Back to her.  I made hubs promise to read his papers in the office and leave office as early as possible. On days that he needs to work out  his cardio, he goes running and I excercise at home, on our elliptical trainer. On non-workout days, it's Amber days. We make time for her, take her to the playground, even if it's for a shortwhile and we try to get some homework done too.

Yesterday, a typical evening but somehow when you have a timeline to follow, you tend to get your butt moving faster. I dropped hubs home at 5.45pm, asked him to bring in the laundry and I went to get some groceries. Quickly dashed home, cooked a beef bolognese, boiled pasta and cuts some fruits. By 6.30pm, we picked her up and went to a small playground just a walking distance from the childminders.

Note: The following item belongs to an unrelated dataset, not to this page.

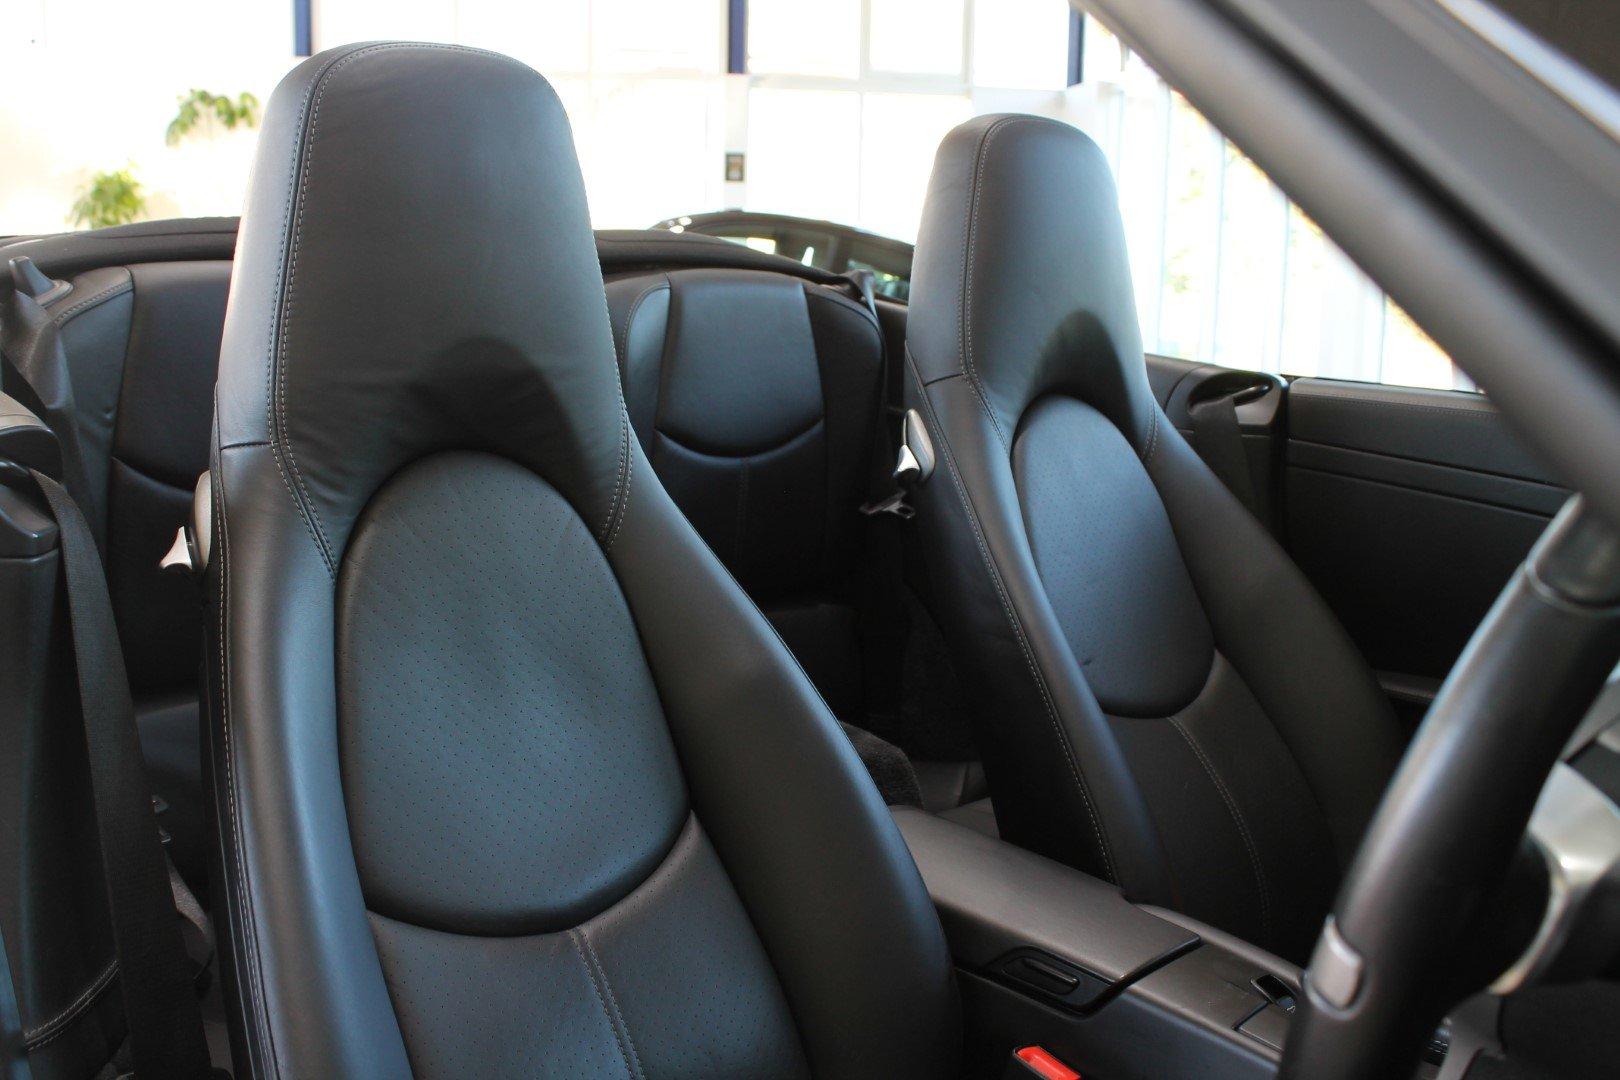 2009 Porsche 911 (997) 3.8 C4S PDK Cabriolet For Sale (picture 6 of 6)

We drive pass this playground everyday for almost 2 years and yesterday we decided to stop for a short play. Sometimes the best stuff are found at our own backyard. Like how we used to fuss and hassle about making a trip to the playground that's a long drive away when a small, clean and well maintained playground is sufficient to bring her smiles.

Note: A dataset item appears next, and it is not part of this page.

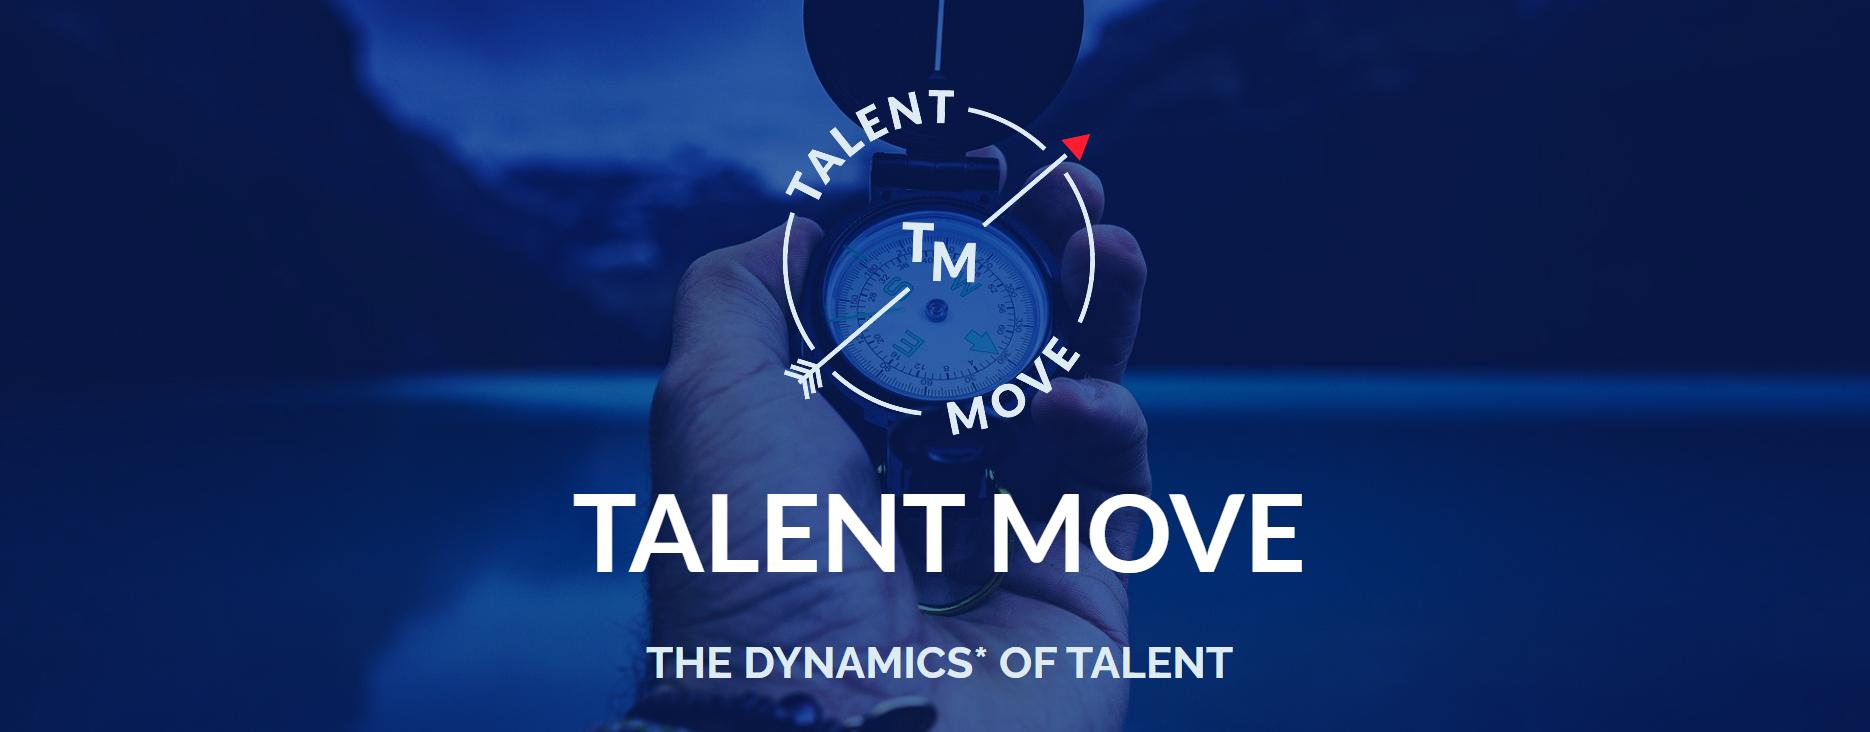 TalentMove Banner

We caught a beautiful view of the sunset yesterday

She chose the big kids swing and wanted us to stand behind and push her. I walked away when I thought she was doing fine and she cried.. loud and pitiful.. she's afraid.. it seems.. but I think it's another one of her dramas to get our attention.

She has a cold sore on her right lips.. Anybody knows the cure for cold sores ? Cold sore on a hot weather.. hmm.. sounds very very strange to me !

We stayed till dark.

We left when the moon was out.
Back home, while I prepared dinner and squeezed some fresh orange juice, hubs did some painting with her.
She also ate a kiwifruit.
 Yesterday evening was great. Some outdoor acitivities, some indoor activities, homecooked dinner, fresh juice and fruits for all.

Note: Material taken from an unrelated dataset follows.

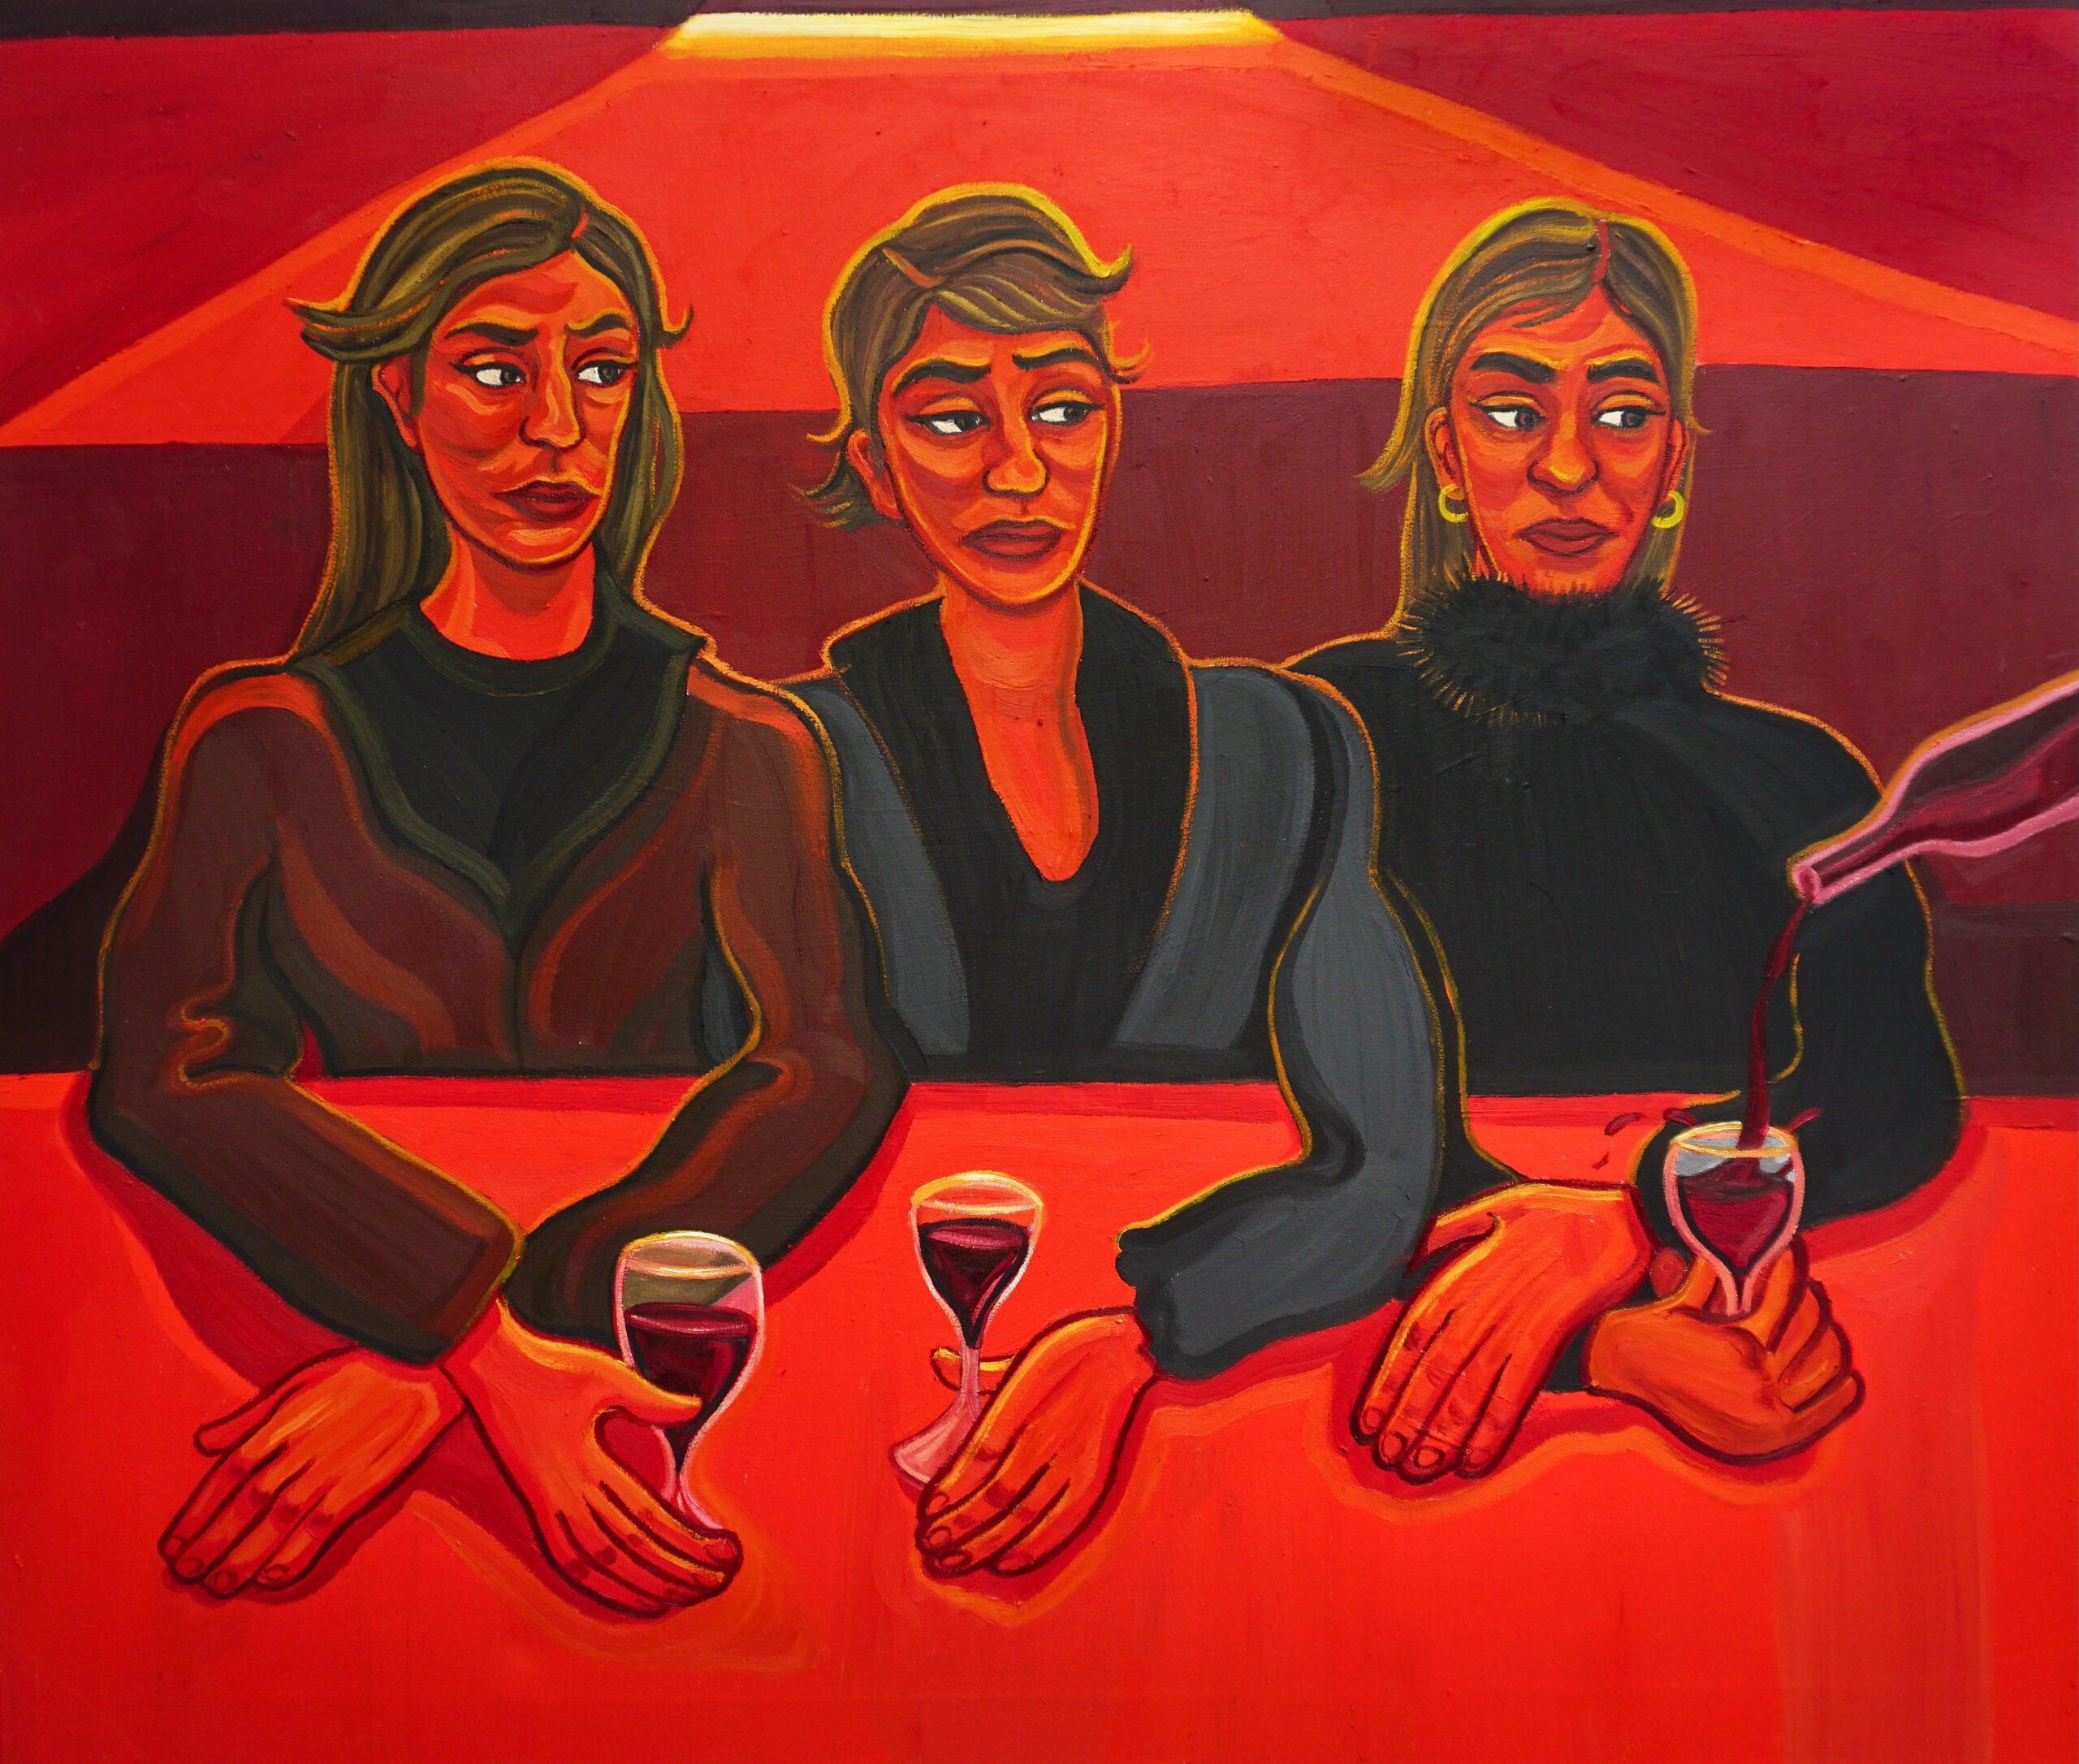 Red Wine Ladies, 2021, 140 x 120 cm, oil on canvas

I did an evaluation and reminded hubs that all she needs is undivided attention from us. Selfish as we are, we often overlook her needs and she comes home, creating havoc just to demand our attention. 

Another thing I noticed about Amber is to keep the evenings and days peaceful is to foresee a meltdown and avoid it. Hubs gave her a little lecture when this happened:

Hubs : Amber, drink your milk,, hubs holding the milk in his hand
Amber : nonchalant.. doing her own things
Hubs : Amber, come here, faster, drink your milk !
Amber : you come la..why you never put the straw closer to my mouth ???
Hubs : *explosion*

I was in the kitchen and analyzed the whole situation. The father was doing his job and the girl was being rude and wanting things his way.. *wong pa pa* style.
So, to avoid another argument with her, I told hubs.. he should foresee where she's coming at.. little missy is going to shoot some bullets to up our blood pressure again and instead, he should just put the cup of milk on the table and leave.

Many times, meltdown happens when we want her to do things our way, and she wants to do otherwise.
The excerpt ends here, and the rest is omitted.